> **Activity**:
Would you repeat the listing exactly but omit every picture?

> **Collected data**:

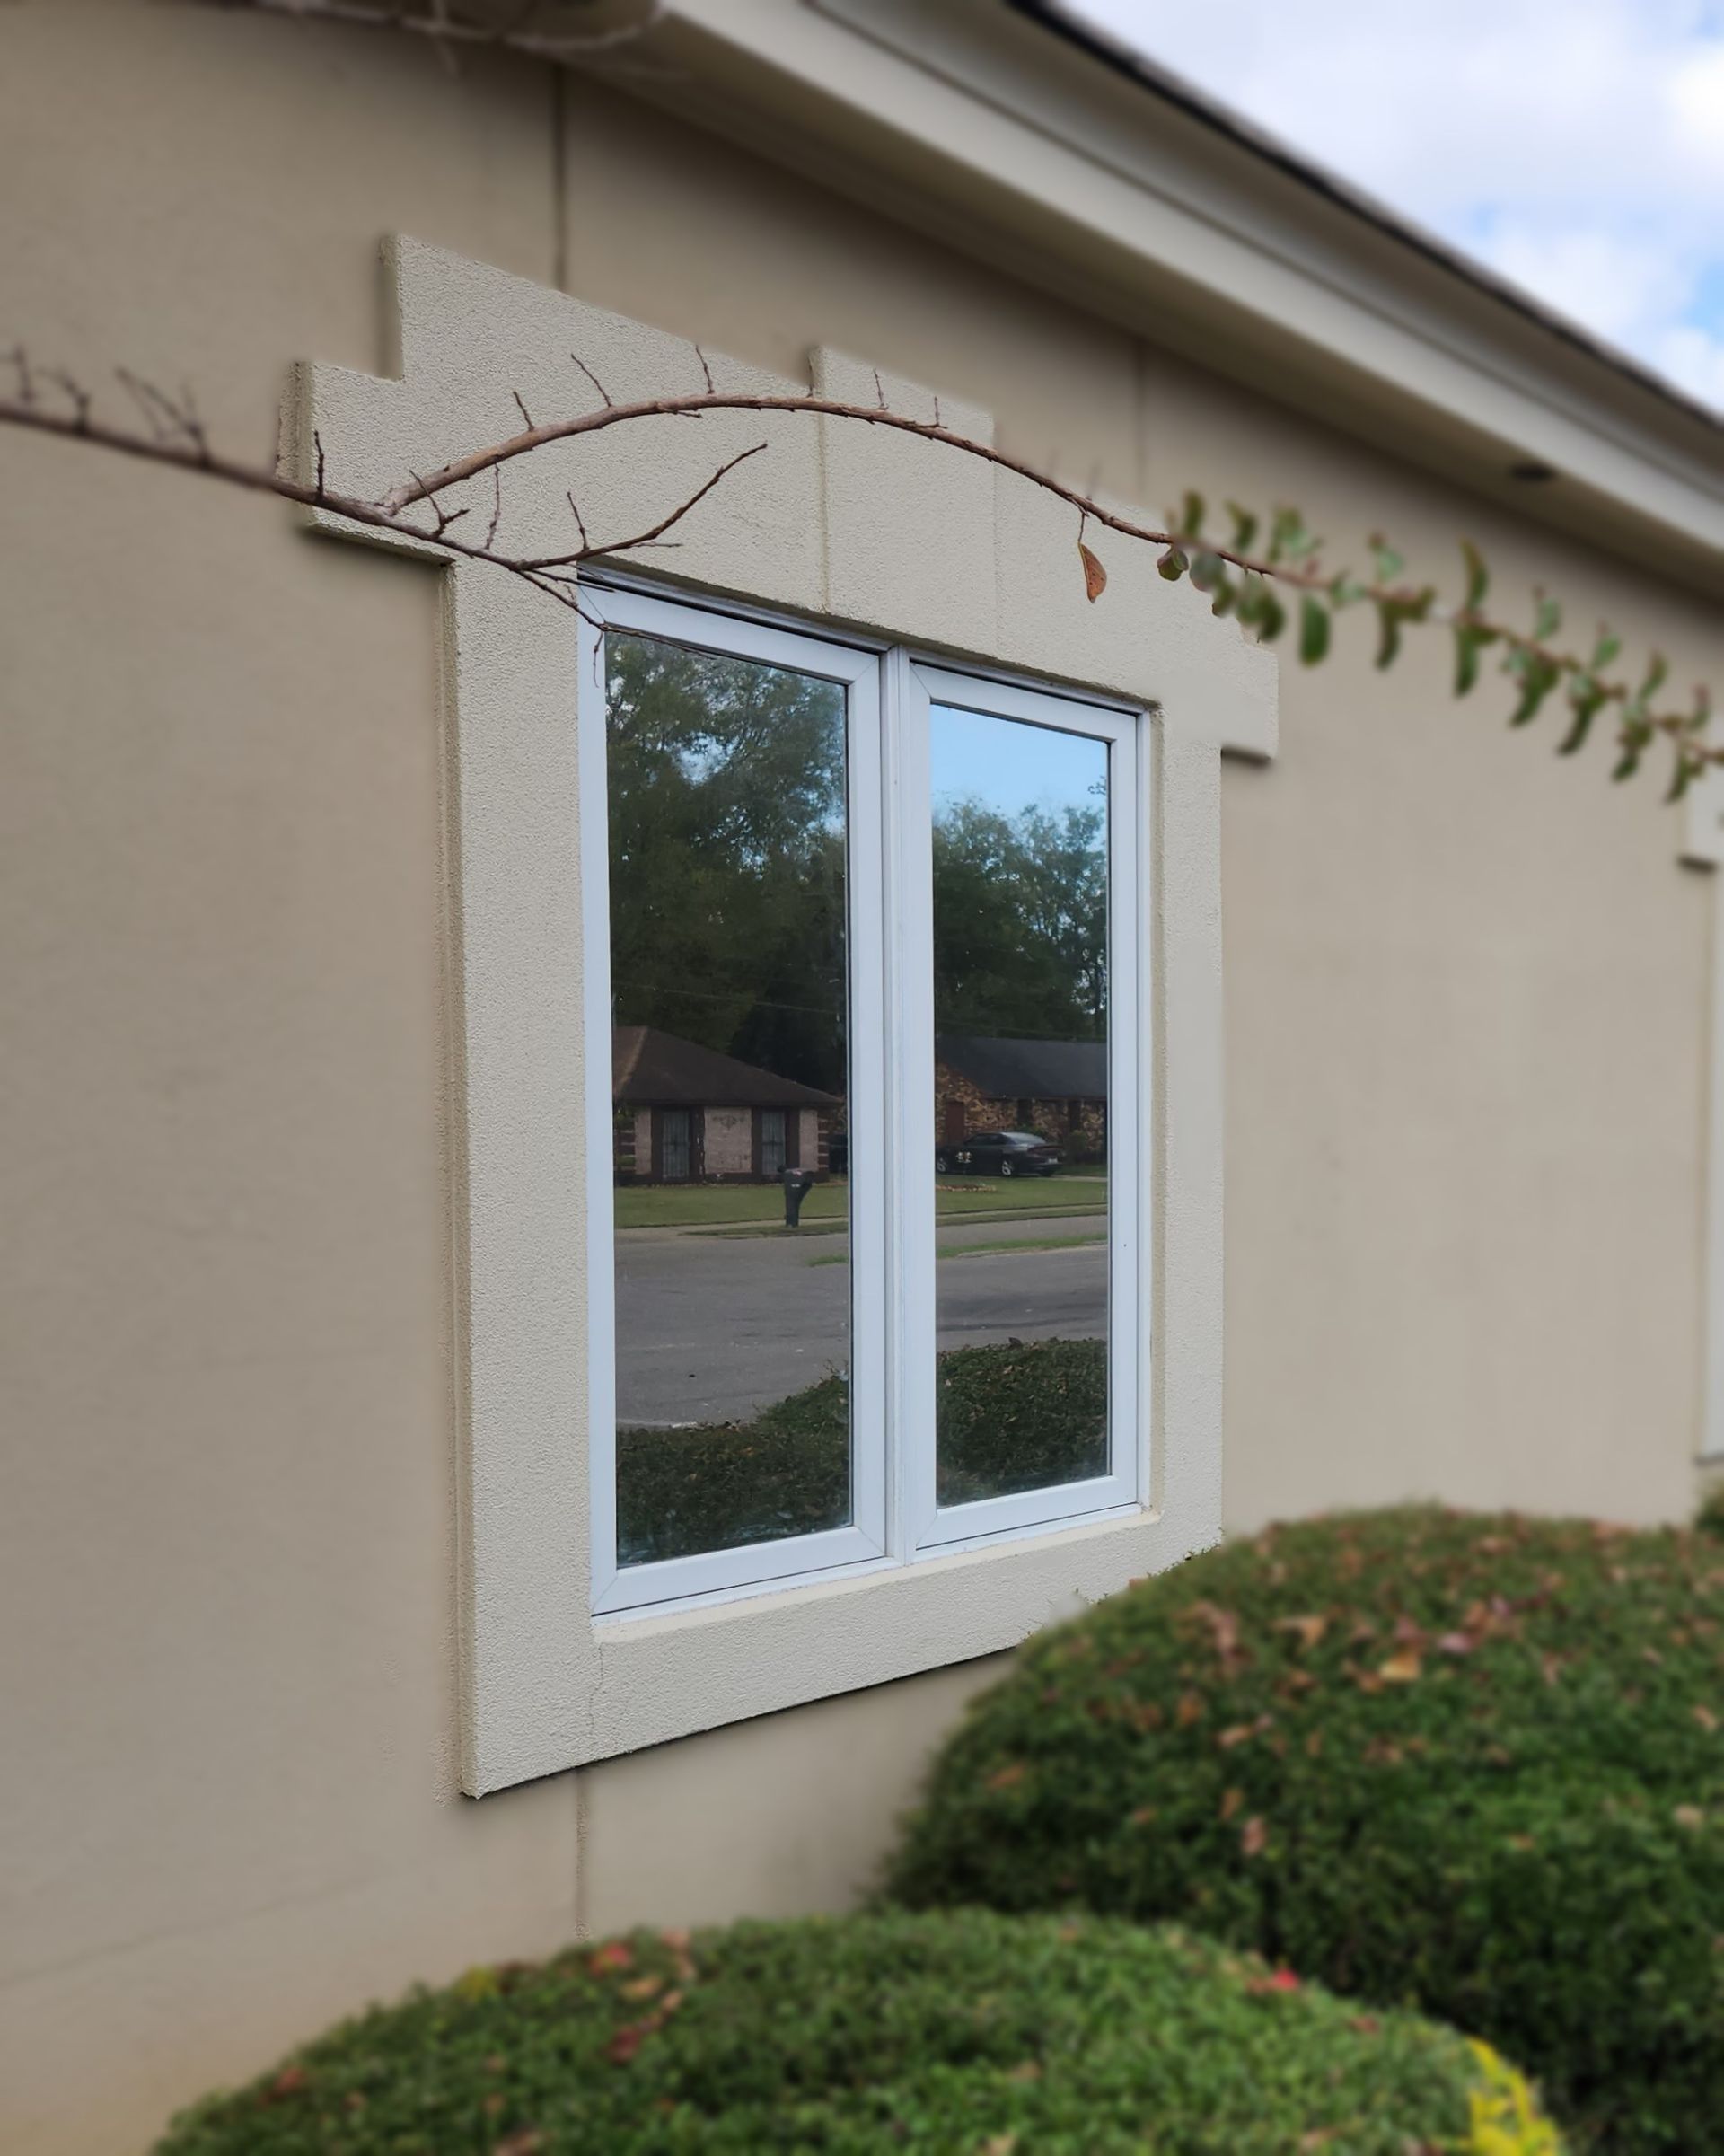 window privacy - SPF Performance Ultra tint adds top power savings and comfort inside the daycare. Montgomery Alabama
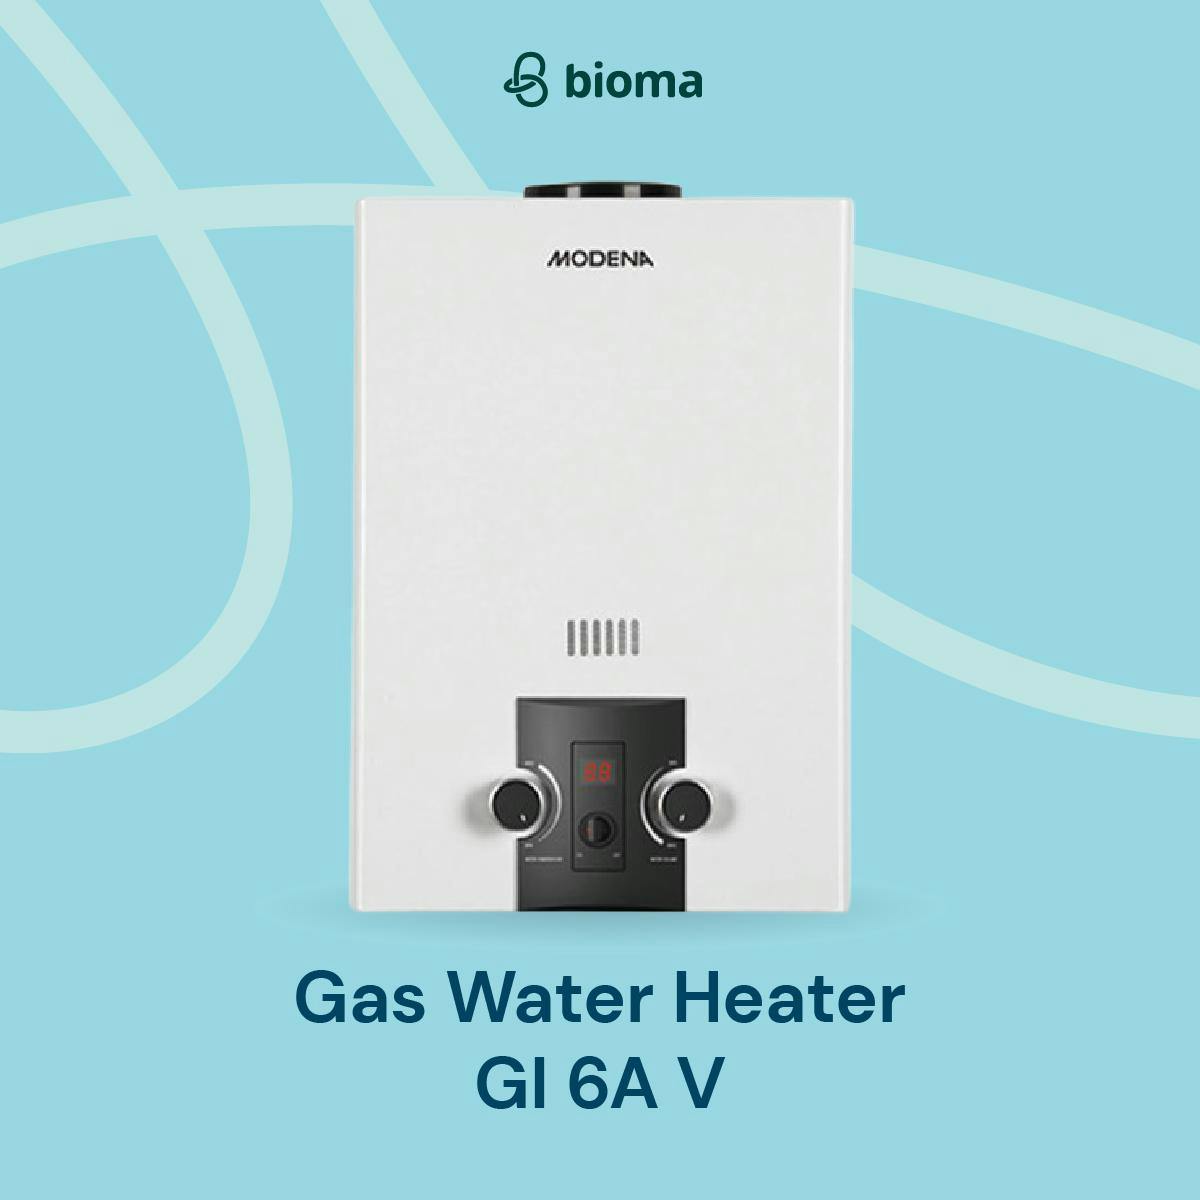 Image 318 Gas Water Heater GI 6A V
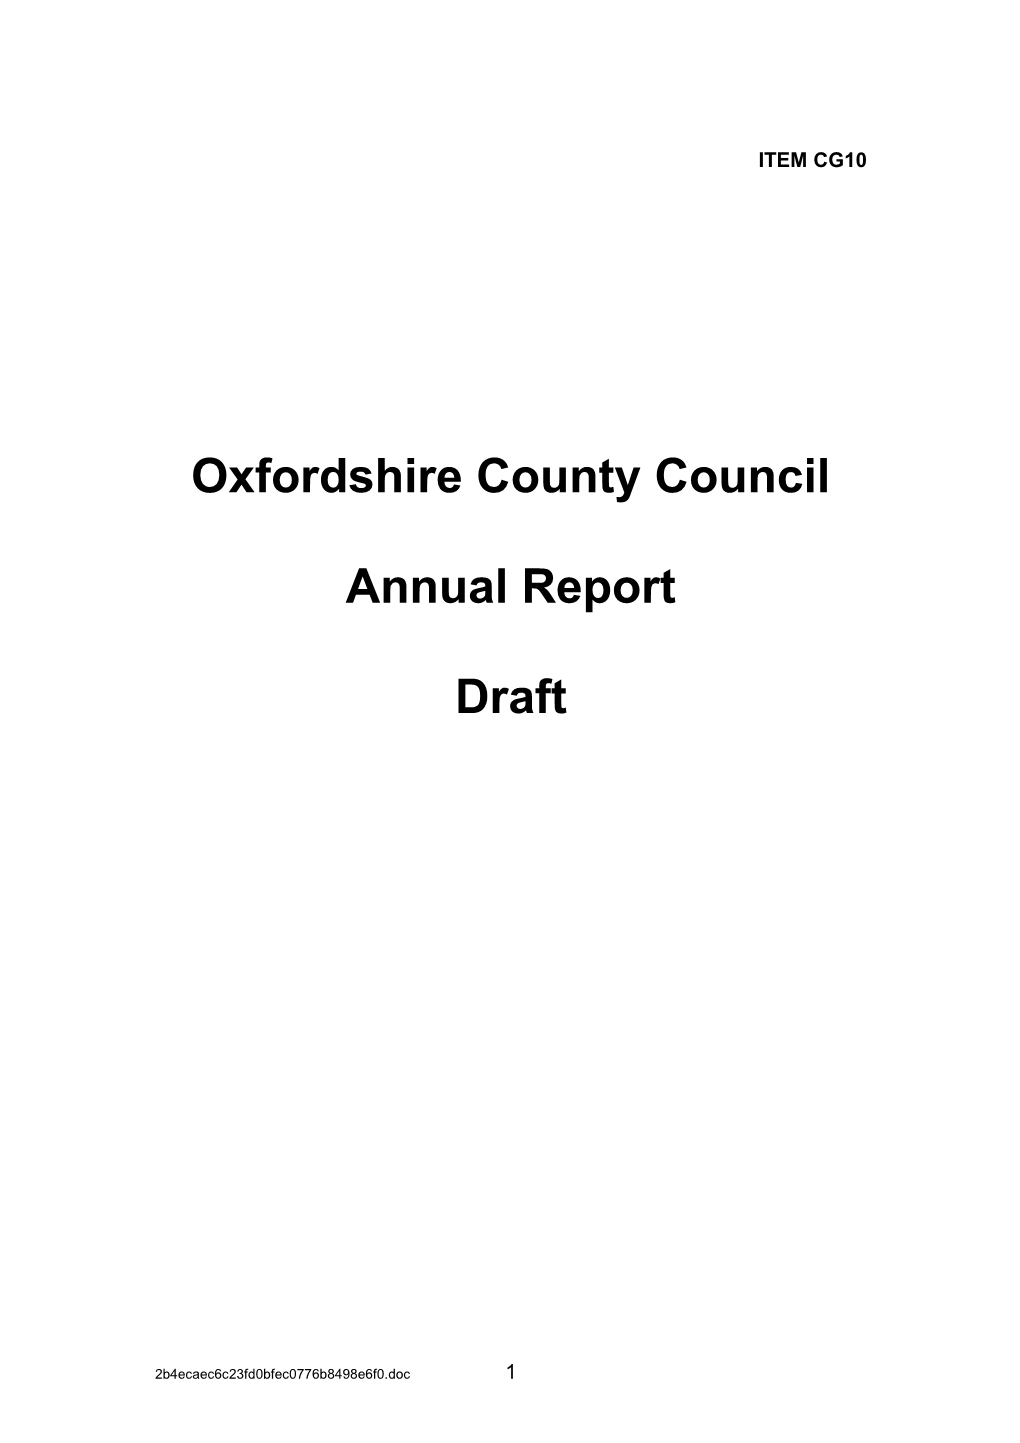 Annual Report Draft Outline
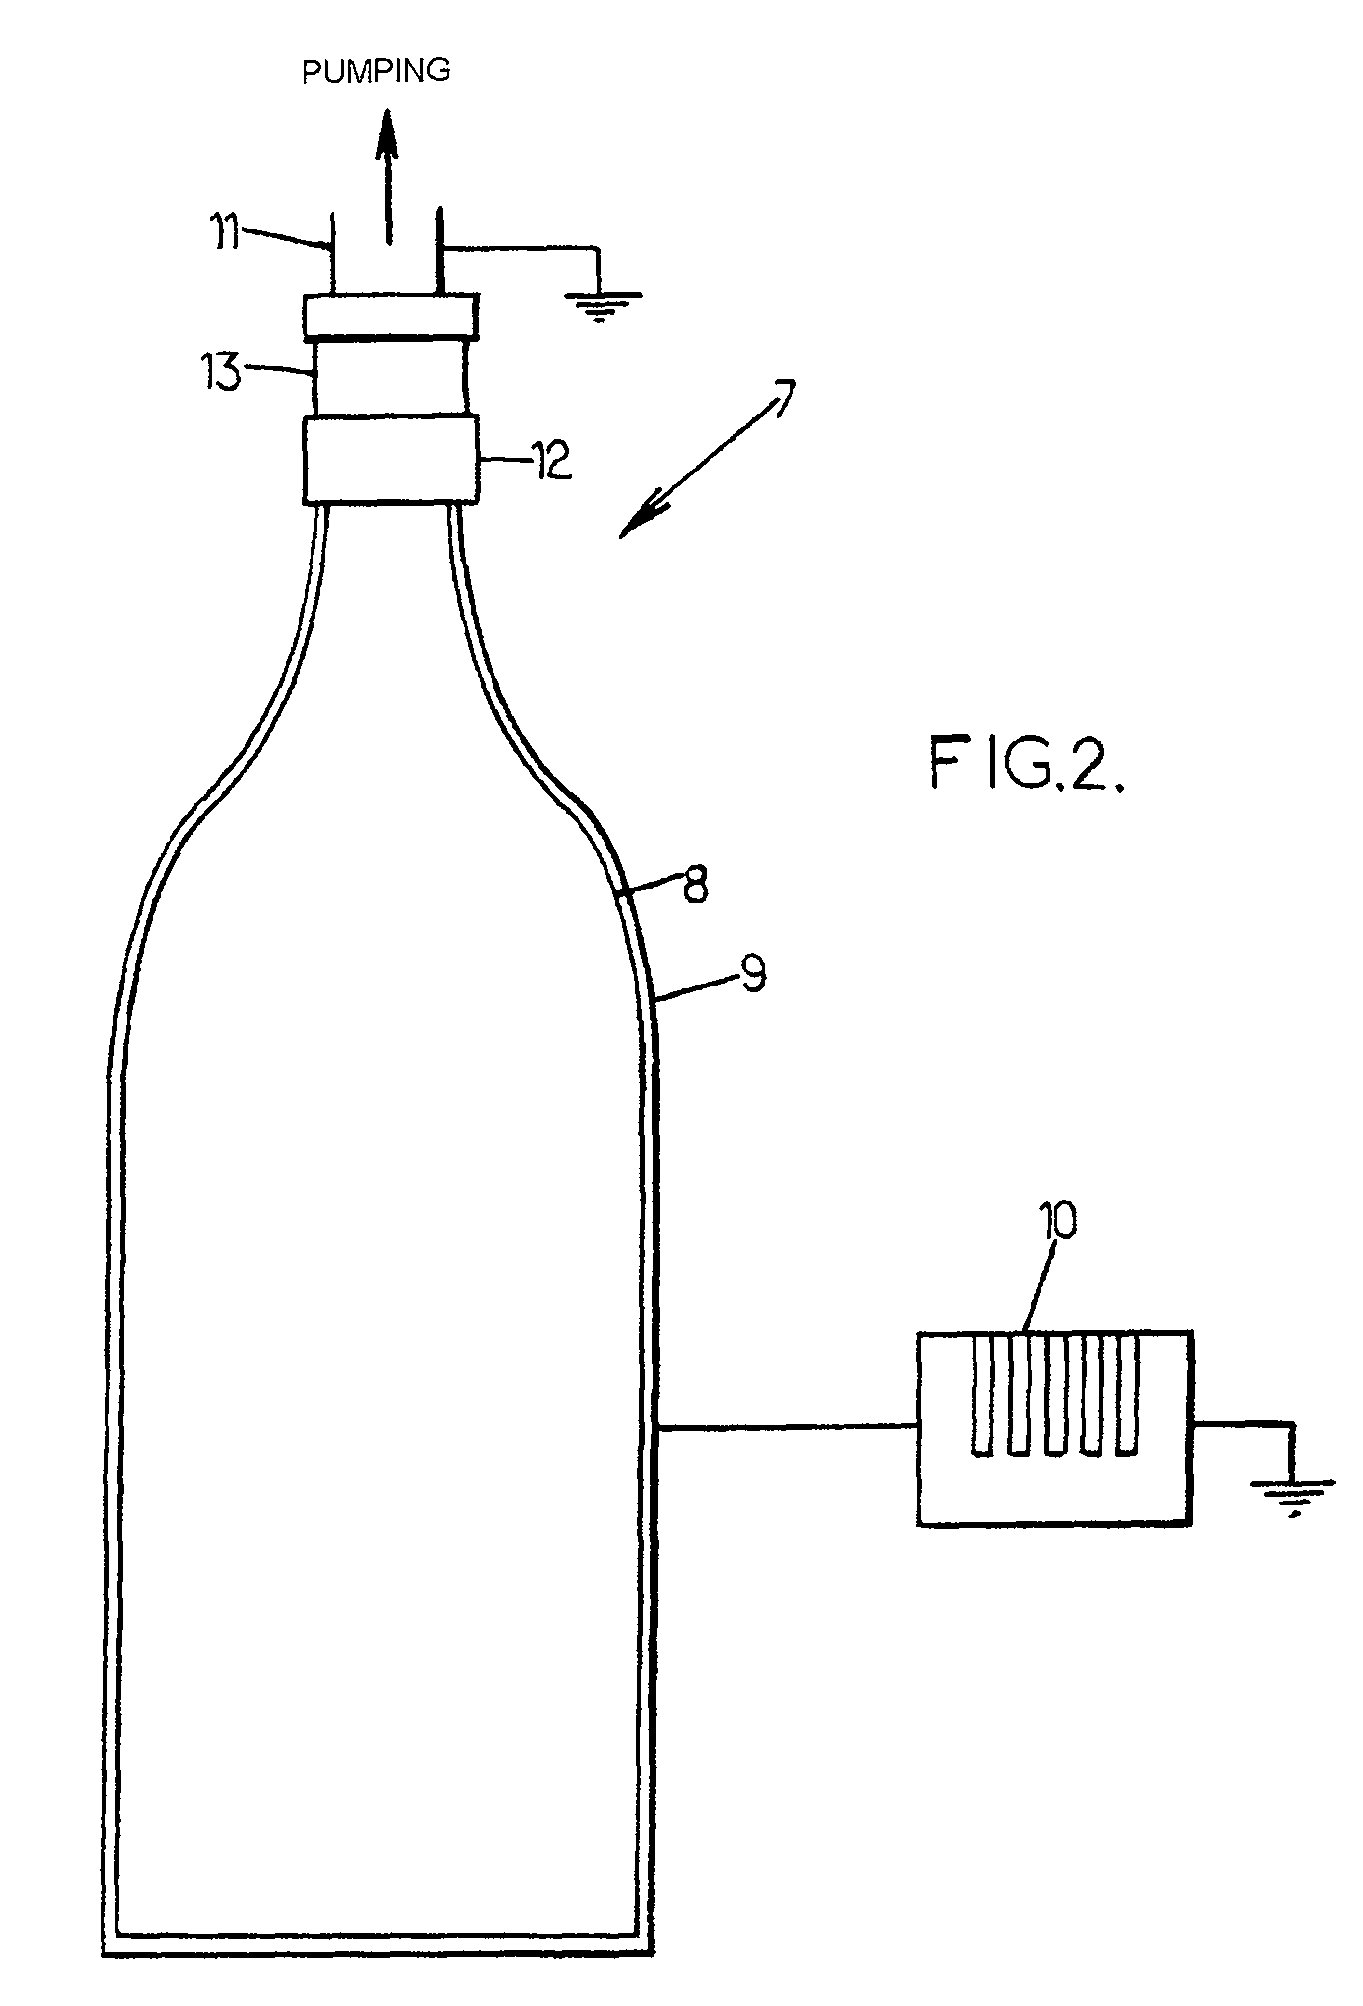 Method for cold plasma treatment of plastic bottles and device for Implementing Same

> **Exercise result**:
 window privacy - SPF Performance Ultra tint adds top power savings and comfort inside the daycare. Montgomery Alabama
 Image 318 Gas Water Heater GI 6A V
 Annual Report Draft Outline
 Method for cold plasma treatment of plastic bottles and device for Implementing Same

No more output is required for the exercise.